> Your goal
Print the listing below verbatim, passing over each picture.

> Information provided
▶

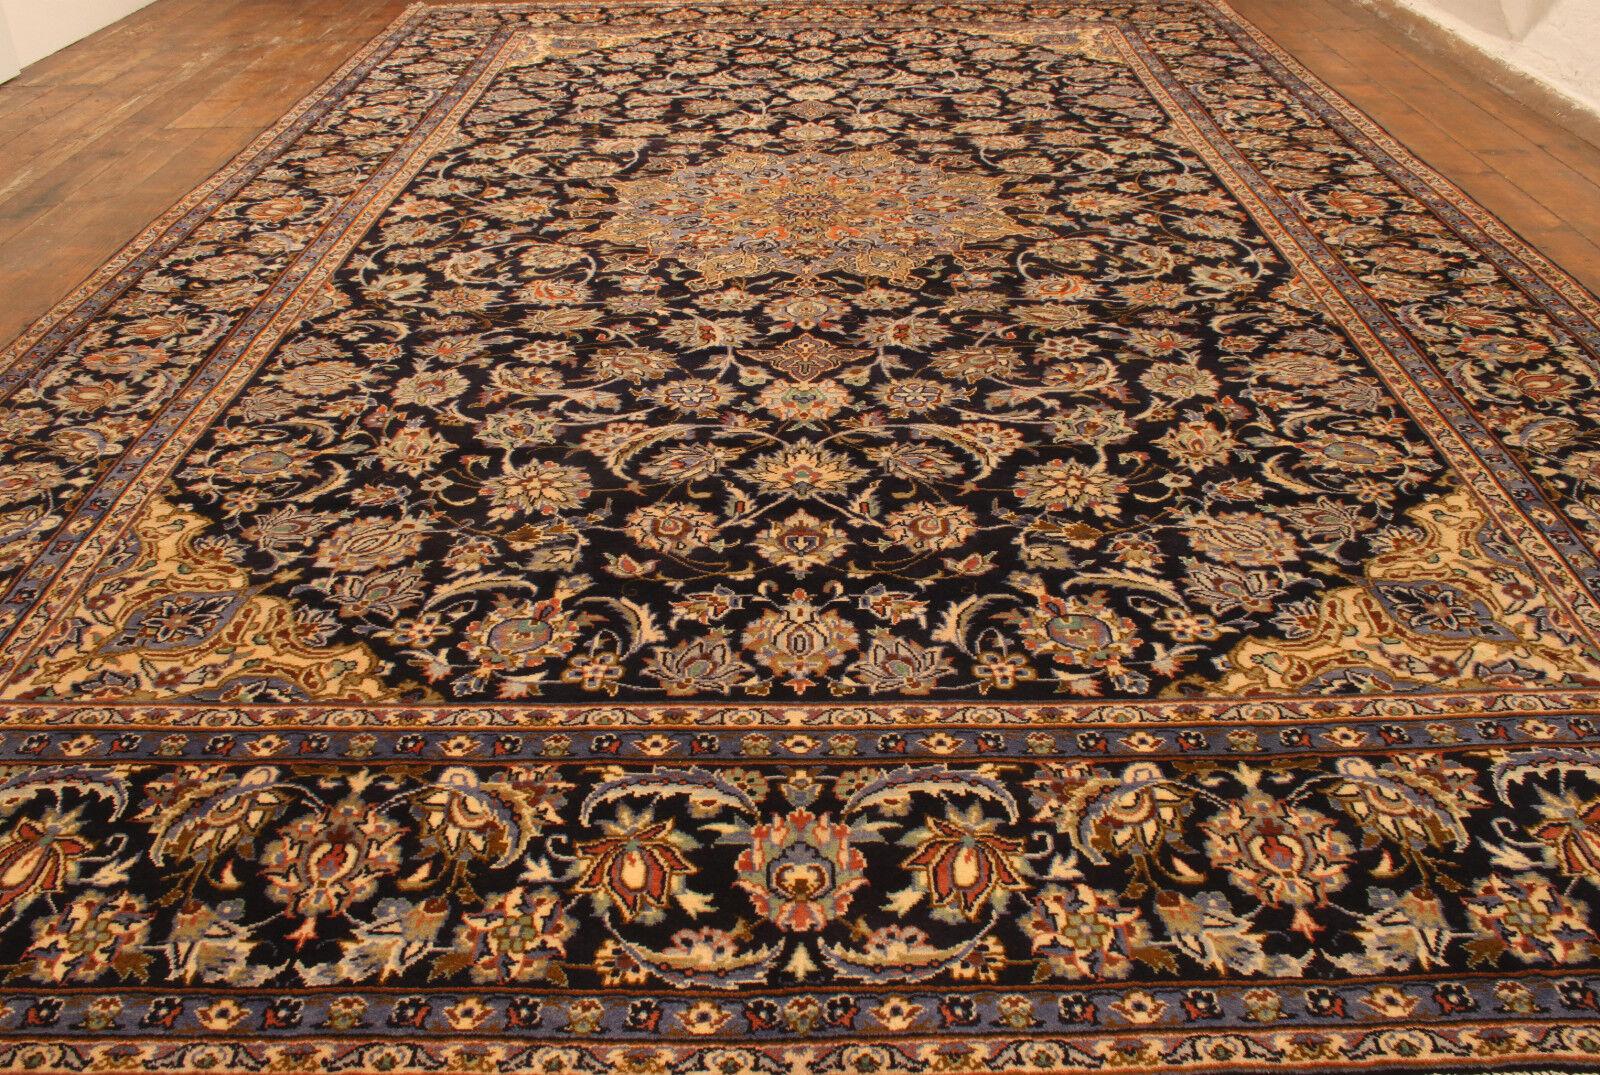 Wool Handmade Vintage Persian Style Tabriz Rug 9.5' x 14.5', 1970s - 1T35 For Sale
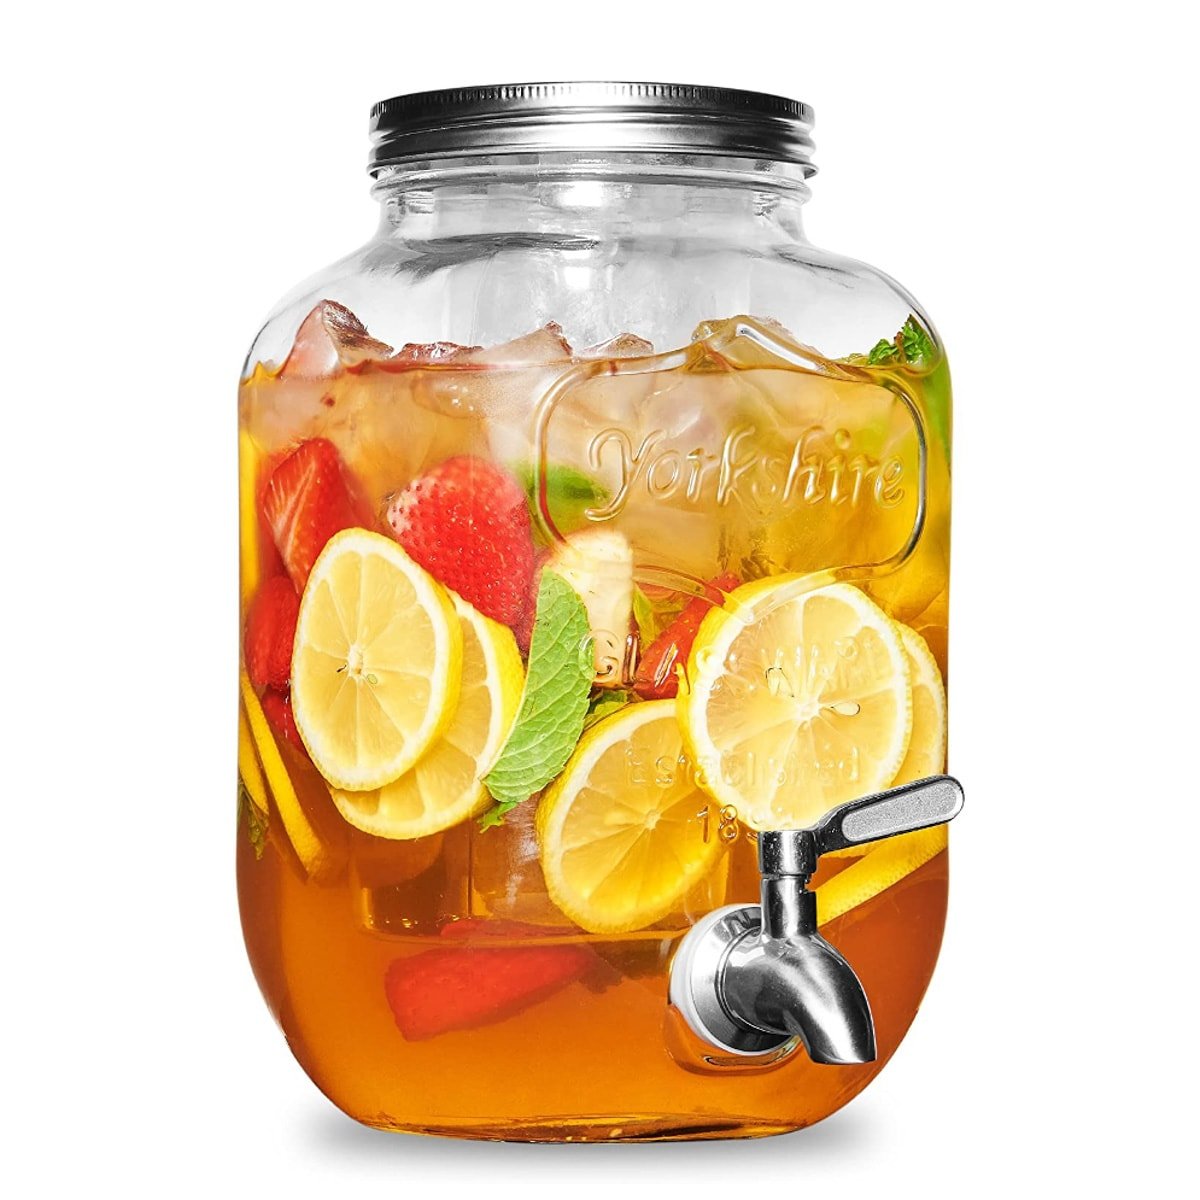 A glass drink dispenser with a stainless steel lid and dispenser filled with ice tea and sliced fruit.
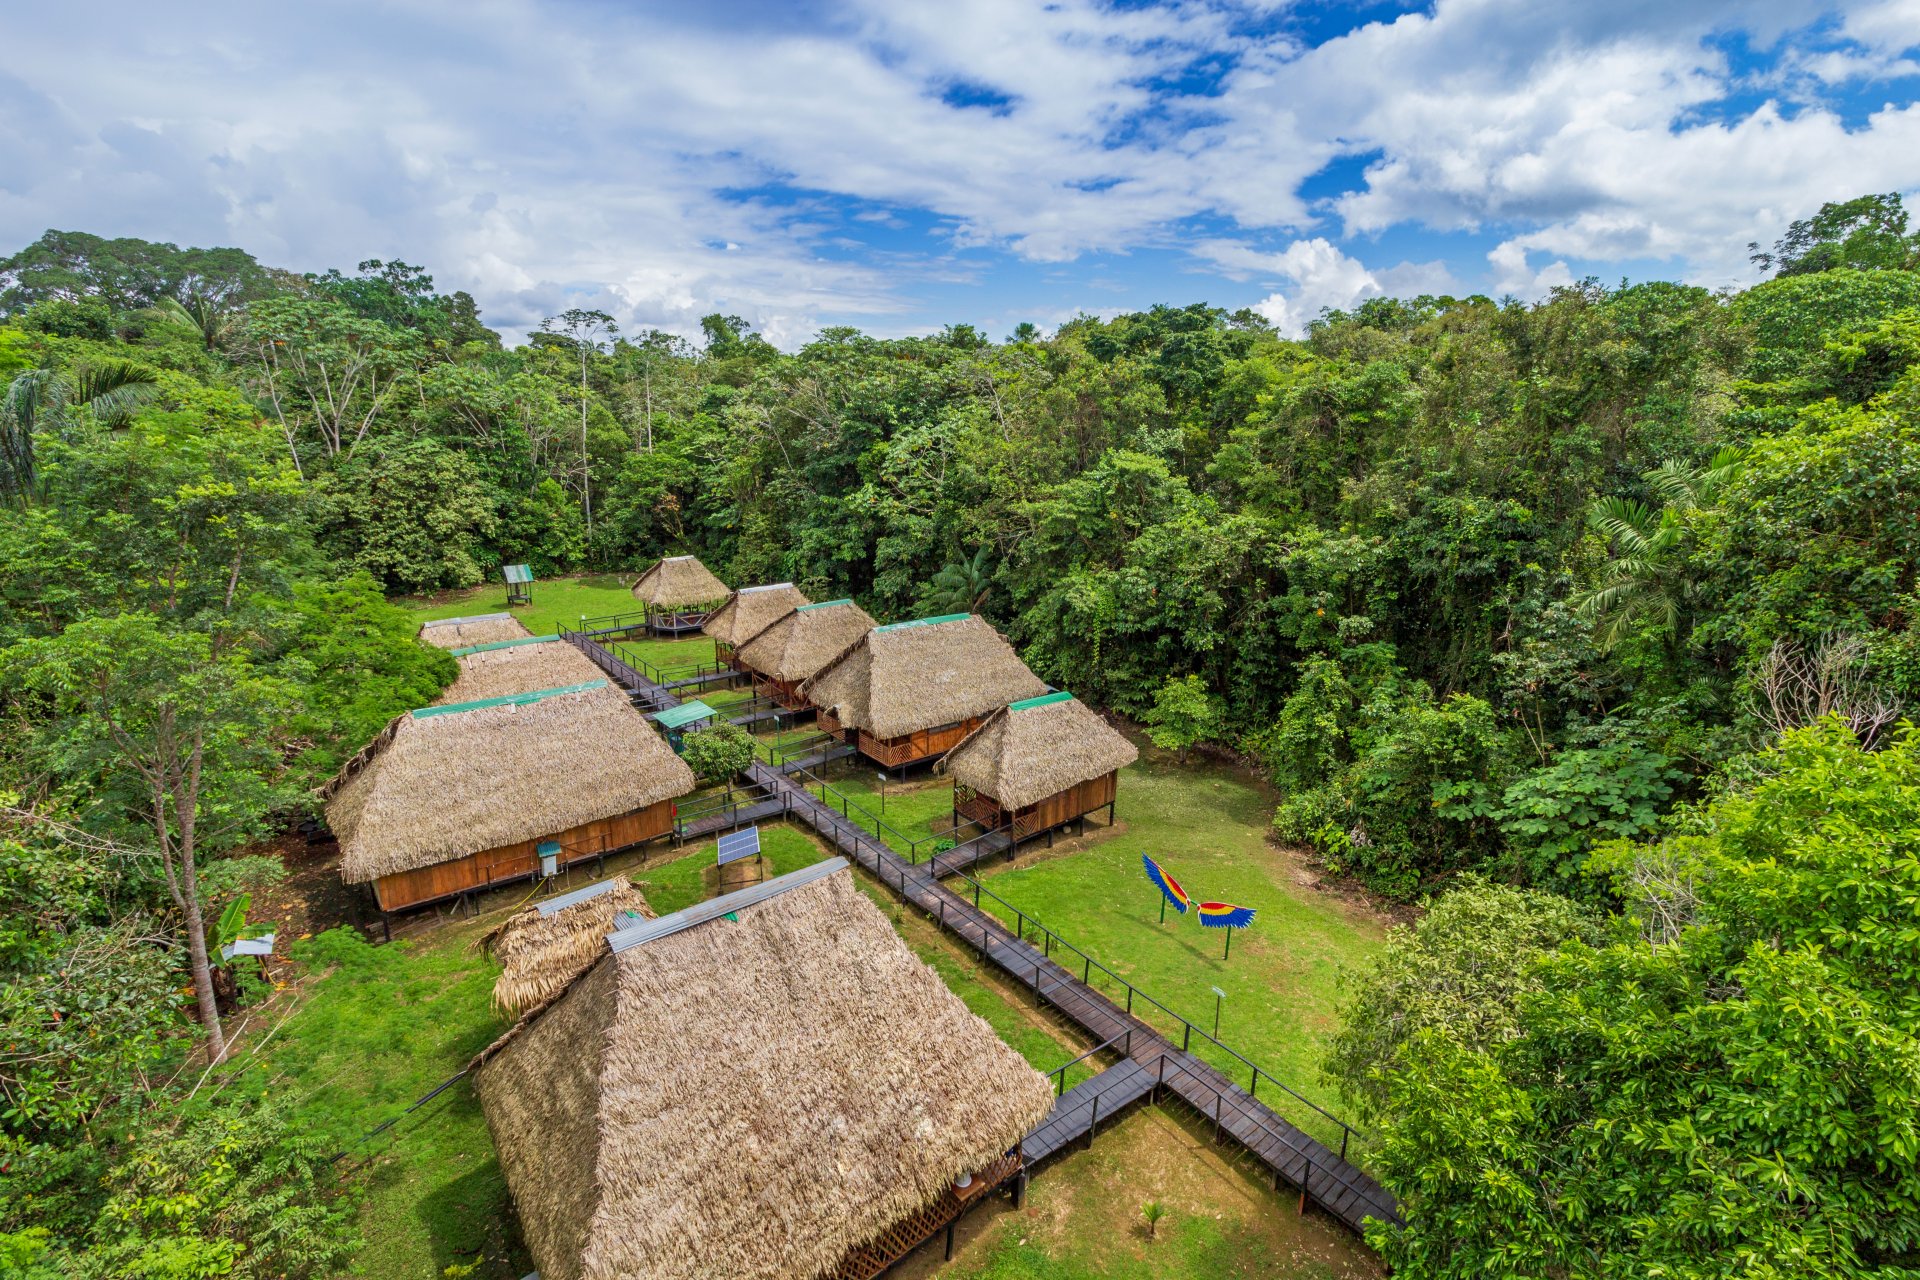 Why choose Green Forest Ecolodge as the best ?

◀

> Solution below
 Wool Handmade Vintage Persian Style Tabriz Rug 9.5' x 14.5', 1970s - 1T35 For Sale
 A glass drink dispenser with a stainless steel lid and dispenser filled with ice tea and sliced fruit.
 Why choose Green Forest Ecolodge as the best ?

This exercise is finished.